Political re-adjustment alone is not going to create a new Nepal. No Way. The dream of a new Nepal will not be possible until our politicians, behind the curtain, keep hobnobbing with people like Prasai at their parties and try to protect them while making hollow speeches full of long rhetoric about curbing corruption. Maybe Prasai’s abduction and eventual handover to the police was a case of politically-driven vigilantism but here it’s the state itself to be blamed since it provided the excuse for this drama to take place. And as the head of the government and acting head of state, Koirala should take the responsibility for this.
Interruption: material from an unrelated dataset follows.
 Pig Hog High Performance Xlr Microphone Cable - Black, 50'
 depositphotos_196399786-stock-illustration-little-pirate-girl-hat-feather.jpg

Prasai is finally behind bars now. But a few like him are still not. Businessman and owner of Shree Distillery, Mathura Prasad Maskey is one of them. An arrest warrant was issued against Maskey for evading government taxes worth hundreds of millions of rupees more than two years ago. But he is still free, openly running his other enterprises in Kathmandu. His arrest, by the police, will show whether the government has learnt from the Prasai saga- not to turn a blind eye. Or is it waiting for the YCL again?